Однажды она посмотрела на Славку и с искренним удивлением спросила:
— Слава, а почему ты не жируешь? Не больной, случаем?
Славке стало ужасно стыдно, он покраснел, но постарался скрыть это, ответил как можно равнодушней:
— Да я не умею, у нас так не принято.
— Во тах-та, а у нас во, видишь, жируют. А чего же делать, пока молодые?
Девки были и в самом деле молодые, только что начинали наливаться силой. Одна была тоненькая, светленькая, с какими-то сквозными и вроде удивленными глазами, бойкая, голосистая; другая поменьше ростом, но поплотней, что-то такое уже знавшая, она тихоней была, даже в этой игре.
Иногда Сашка уставал, вырывался красный, садился на лавку, отдыхал, затевал разговор с дедом.
— Так ты, дед, в кавалерии служил? — орал он на ухо деду. Тот сразу заводился, сердито поворачивался к Сашке и, шамкая беззубым ртом, ругался:
— Глупай, не в кавалерии, а в артиллерии. Я бомбардир-наводчик.
— Не верю! — кричал Сашка.
— Глупай, мы у Аршаве стояли, полковник крестом пожаловал. Я во стреляю.
Сашка махал рукой: да ну, мол, стреляешь.
— Не махай. Я из ружья чего хочешь тебе собью. Я охотник.
— Охотник? Ты?
— О, глупай1—Дед надвигался, разгоряченный, на Сашку и тоже кричал, будто и Сашка был глухой.— Ну, скажи, какие носы у диких уток? Не знаешь.
— Знаю! — кричал Сашка.
— Ну, какие?
— Деревянные!
— Глупай,— уже тихо говорил дед, обиженно тряс головой и насовсем отворачивался от Сашки.
Хозяйка и девки хохотали. Сашка садился наконец на поваленную табуретку, надевал передник и принимался за дело. Он сапожничал немного, зарабатывая себе на хлеб.
А утром пришла беда, то есть пришла она ночью, но узнали о ней утром.
Сашка в игры-то играл дома, там, где жил, а ночевал в другом месте, у молодой вдовы, Козодоихой звали. По-жнровал с девками, деда подразнил, валенки чьи-то подшил, а как стемнело, ушел к Козодоихе. Жила она одна. Ушел и ушел. Не первый раз.
Девки иногда обижались, говорили, когда Сашка переходил дозволенные границы:
— Ты, Сашка, это оставь, вон к своей Козодоихе иди за этим.
Ушел и ушел.
Сашка у одного проходившего мимо окруженца выменял на сало пистолет «ТТ». Сначала прятал оружие, потом поделился секретом своим со Славкой, показал пистолет, потом стал носить его во внутреннем кармане пиджака. Не утерпел, похвастался и перед Козодоихой, намекнул, что пригодится скоро. Вдовушка, видно, поделилась с подругой, может быть, даже похвасталась. Словом, часу в двенадцатом ночи в дверь постучали. Сашка забрался на печь, когда узнал, что стучится староста. Козодоиха долго не открывала, пока староста не пригрозил взломать дверь...

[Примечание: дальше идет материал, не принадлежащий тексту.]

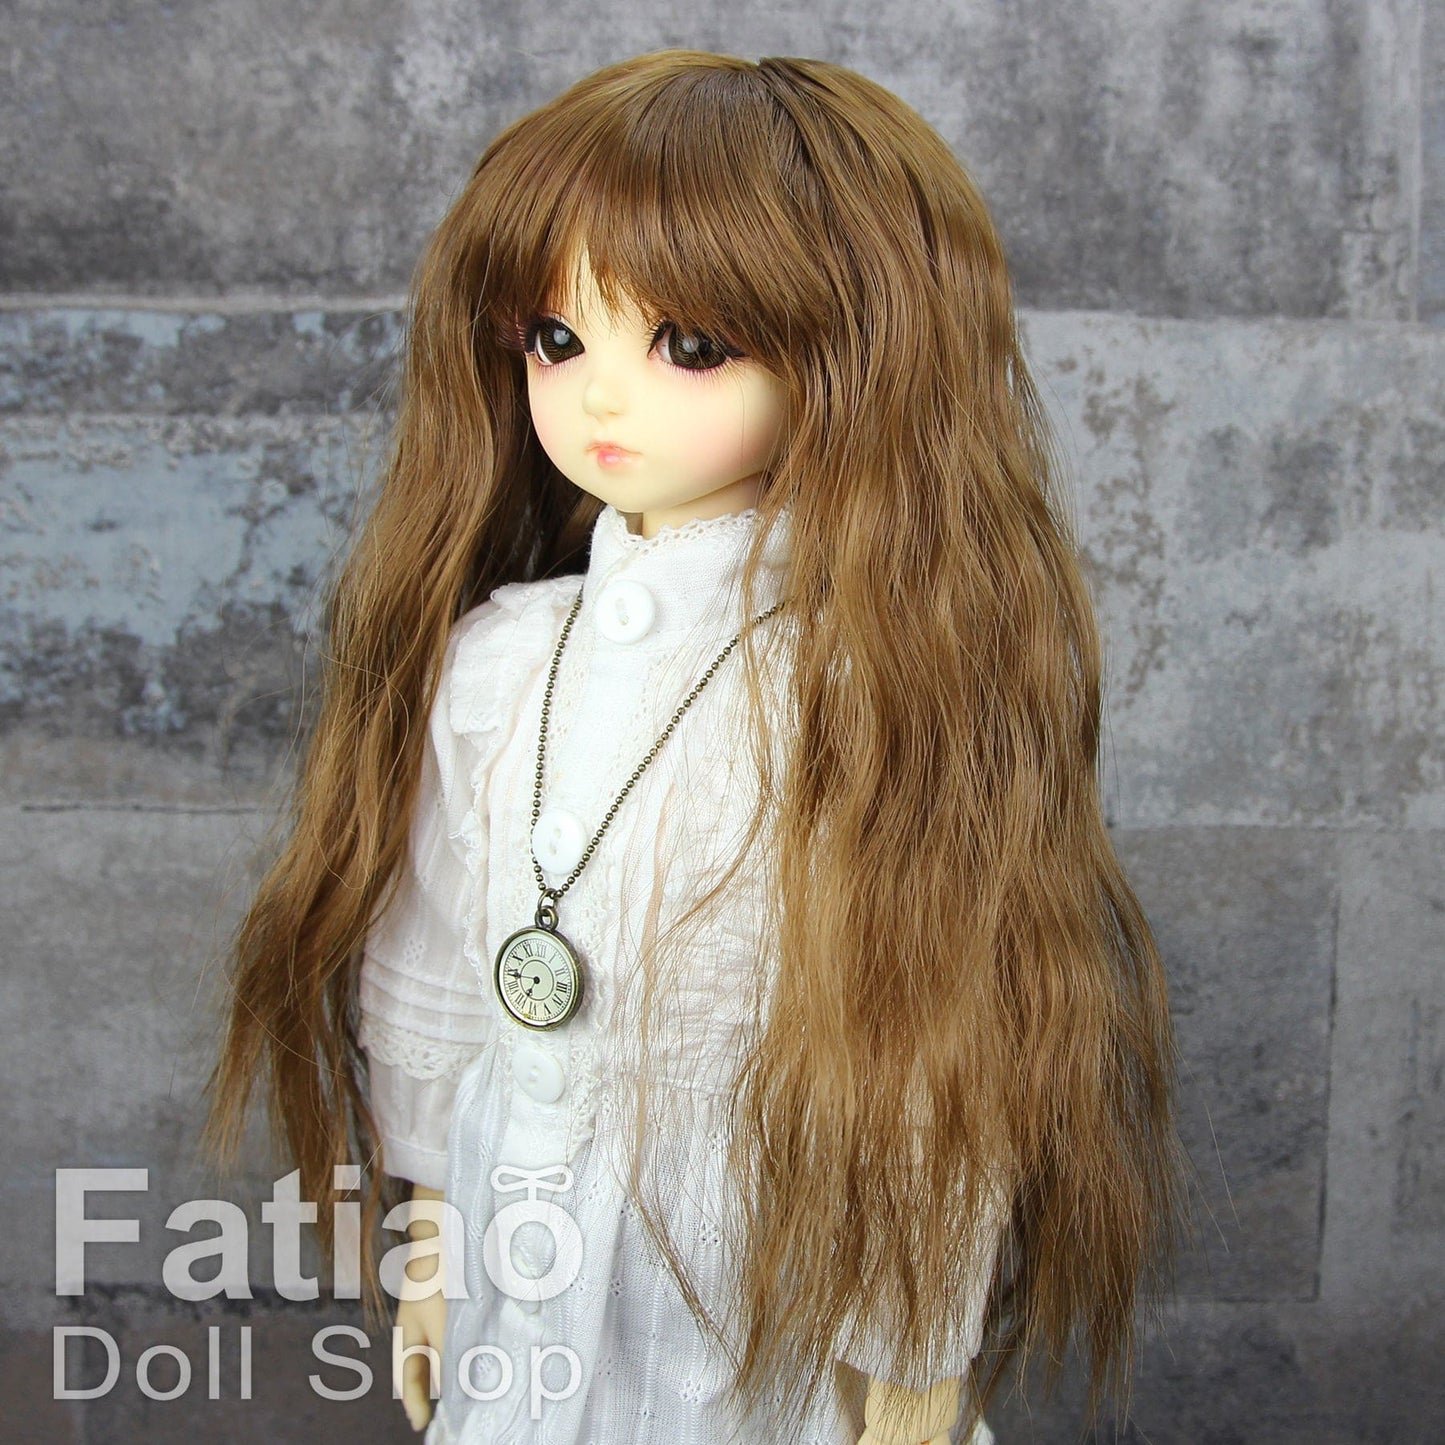 【Fatiao Doll Shop】FWF-223 娃用假髮 多色 / 7-8吋 BJD 4分 iMda3.0

Утром, когда Славка проснулся, почувствовал тревогу. Саня, Петька и Танька и мамаша Сазониха держались как-то не так, необычно* По обрывкам фраз Славка ничего не мог понять, хотя было ясно: что-то случилось. Не глядя на Славку, мамаша Сазониха сказала:
— Как бы не нагрянули пестуны проклятые.— Пестунами Сазониха называла немцев, — А ведь нагрянут, старостиха уже на станцию укатила. Ох, будет, что будет-то. Тебе-то куда? Куда-нибудь деваться надо. Ох, будет.—Она причитала так и возилась у топившейся печки.
— Мамка, но ведь Славка же наш?! — сказал Саня.
— Ох, ваш. Ох, будет, что будет...
Славке тяжело было слушать стоны, он понимал, что мамаша Сазониха тяготится им, уже, видно, жалеет, что приняла. Славка оделся и вышел.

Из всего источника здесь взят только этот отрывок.